Moost uses Atscript for request validation. Atscript extends TypeScript with annotations that produce runtime validators from your types — no class-validator, no duplicate schemas, one source of truth for types and validation rules.

Atscript documentation

For installation, compiler setup, annotation syntax, and all available options see the Atscript docs and the @atscript/moost-validator package reference.

Quick example

1. Define a DTO in Atscript

atscript
// create-user.as

export interface CreateUserDto {
  @expect.minLength 2
  @expect.maxLength 100
  name: string

  email: string.email

  @meta.sensitive
  @expect.minLength 8
  password: string

  role?: 'admin' | 'user'
}

Atscript compiles this to a regular TypeScript module that also carries runtime metadata — validators, labels, constraints — all inferred from the annotations.

2. Use it in a handler

ts
import { Controller } from 'moost'
import { Post, Body } from '@moostjs/event-http'
import {
  UseValidatorPipe,
  UseValidationErrorTransform,
} from '@atscript/moost-validator'
import { CreateUserDto } from './create-user.as'

@UseValidatorPipe()
@UseValidationErrorTransform()
@Controller('users')
export class UsersController {
  @Post()
  create(@Body() dto: CreateUserDto) {
    // dto is validated — name, email, password all satisfy the Atscript schema
    return { created: dto.name }
  }
}

Import the DTO as a value, not a type

import type { CreateUserDto } is erased at compile time, so the runtime annotated type never reaches the decorator metadata and validation is silently skipped. Always use a value import for .as types used in validated parameters.
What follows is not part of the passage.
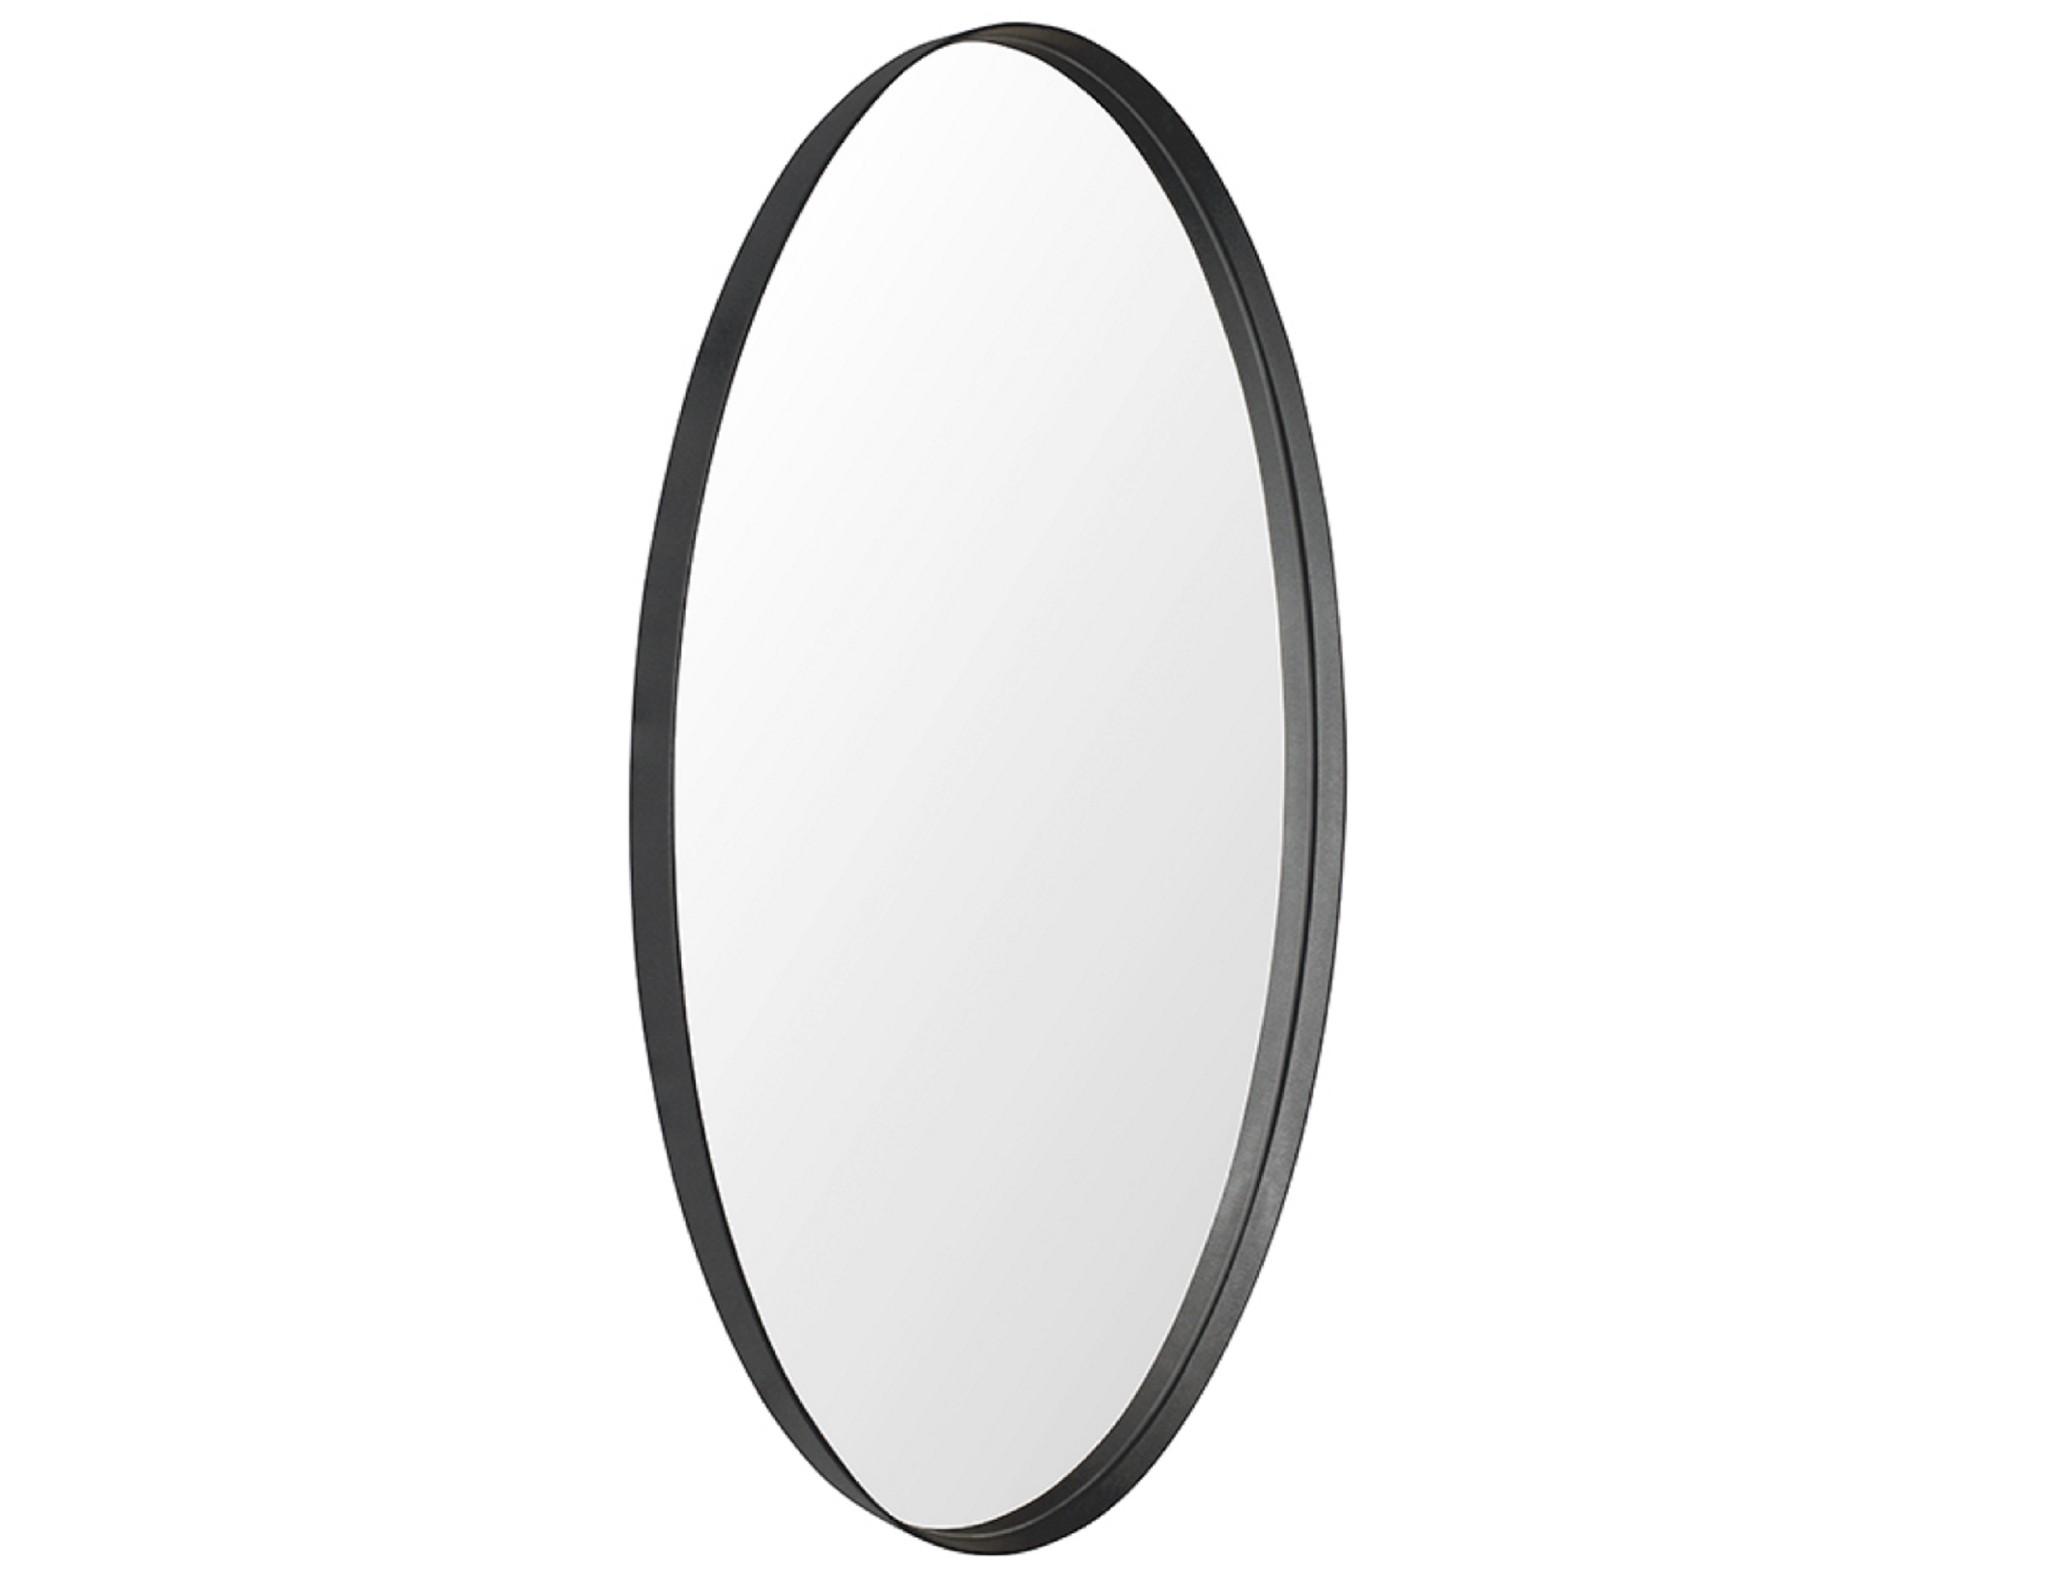 Настенное зеркало лила 80*40 (simple mirror) черный 40.0x80.0x4.0 см.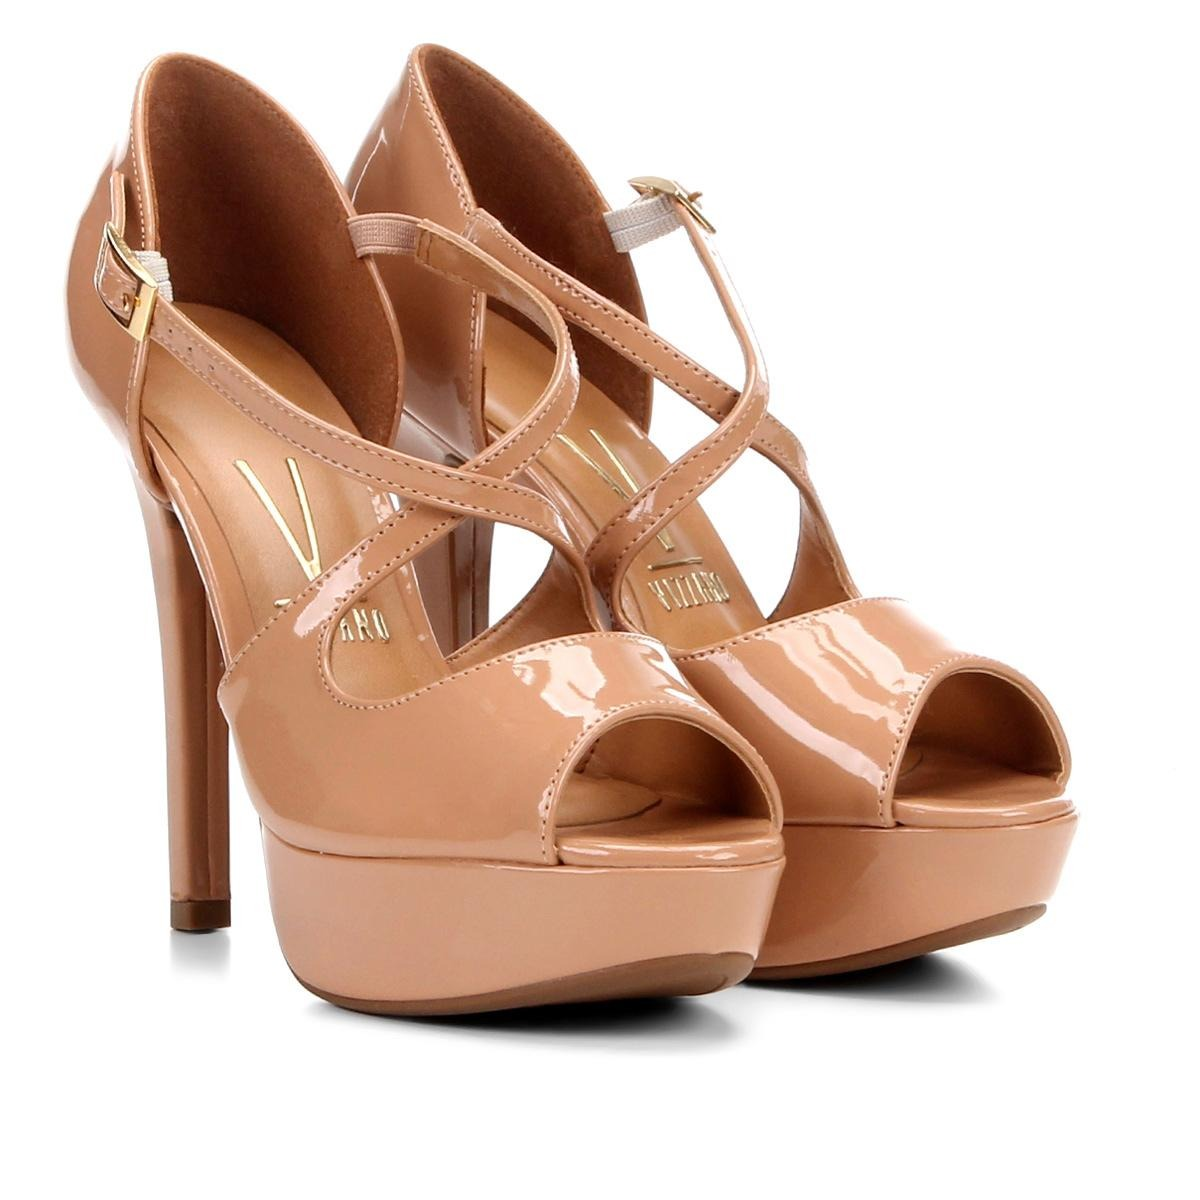 3e09c7695d sandália meia pata em verniz vizzano salto alto feminina. Carregando zoom.

That's it. When a request arrives with an invalid body, the validator pipe rejects it before your handler runs and returns a structured 400 response. message is the first failure as "<path>: <message>", and the full error list is under _body:

json
{
  "statusCode": 400,
  "message": "email: Must be a valid email",
  "error": "Bad Request",
  "_body": [
    { "path": "email", "message": "Must be a valid email" },
    { "path": "password", "message": "Length must be >= 8" }
  ]
}

Enabling validation globally

Instead of decorating each controller, register the pipe and interceptor once on the app:

ts
import { Moost } from 'moost'
import { MoostHttp } from '@moostjs/event-http'
import { validatorPipe, validationErrorTransform } from '@atscript/moost-validator'

const app = new Moost()
app.adapter(new MoostHttp())
app.applyGlobalPipes(validatorPipe())
app.applyGlobalInterceptors(validationErrorTransform())
// register controllers...
await app.init()

Now every handler parameter whose type was compiled by Atscript is validated automatically.

Validator options

validatorPipe(opts) accepts any subset of Atscript's TValidatorOptions. For instance, to allow unknown properties and collect multiple errors:

ts
app.applyGlobalPipes(
  validatorPipe({
    unknownProps: 'ignore',
    errorLimit: 50,
  }),
)

Why Atscript

ApproachSchemasValidation rulesRuntime cost
class-validator + class-transformerDuplicate class + decoratorsImperative decoratorsReflection + transform
Zod / YupSeparate schema objectBuilder APISchema parse
AtscriptYour TypeScript types are the schemaAnnotations in the type fileCompiled validators

Atscript eliminates the gap between the type you write and the validation that runs. One .as file produces the TypeScript type, the JSON Schema (for Swagger), and the runtime validator.

Further reading

Released under the MIT License.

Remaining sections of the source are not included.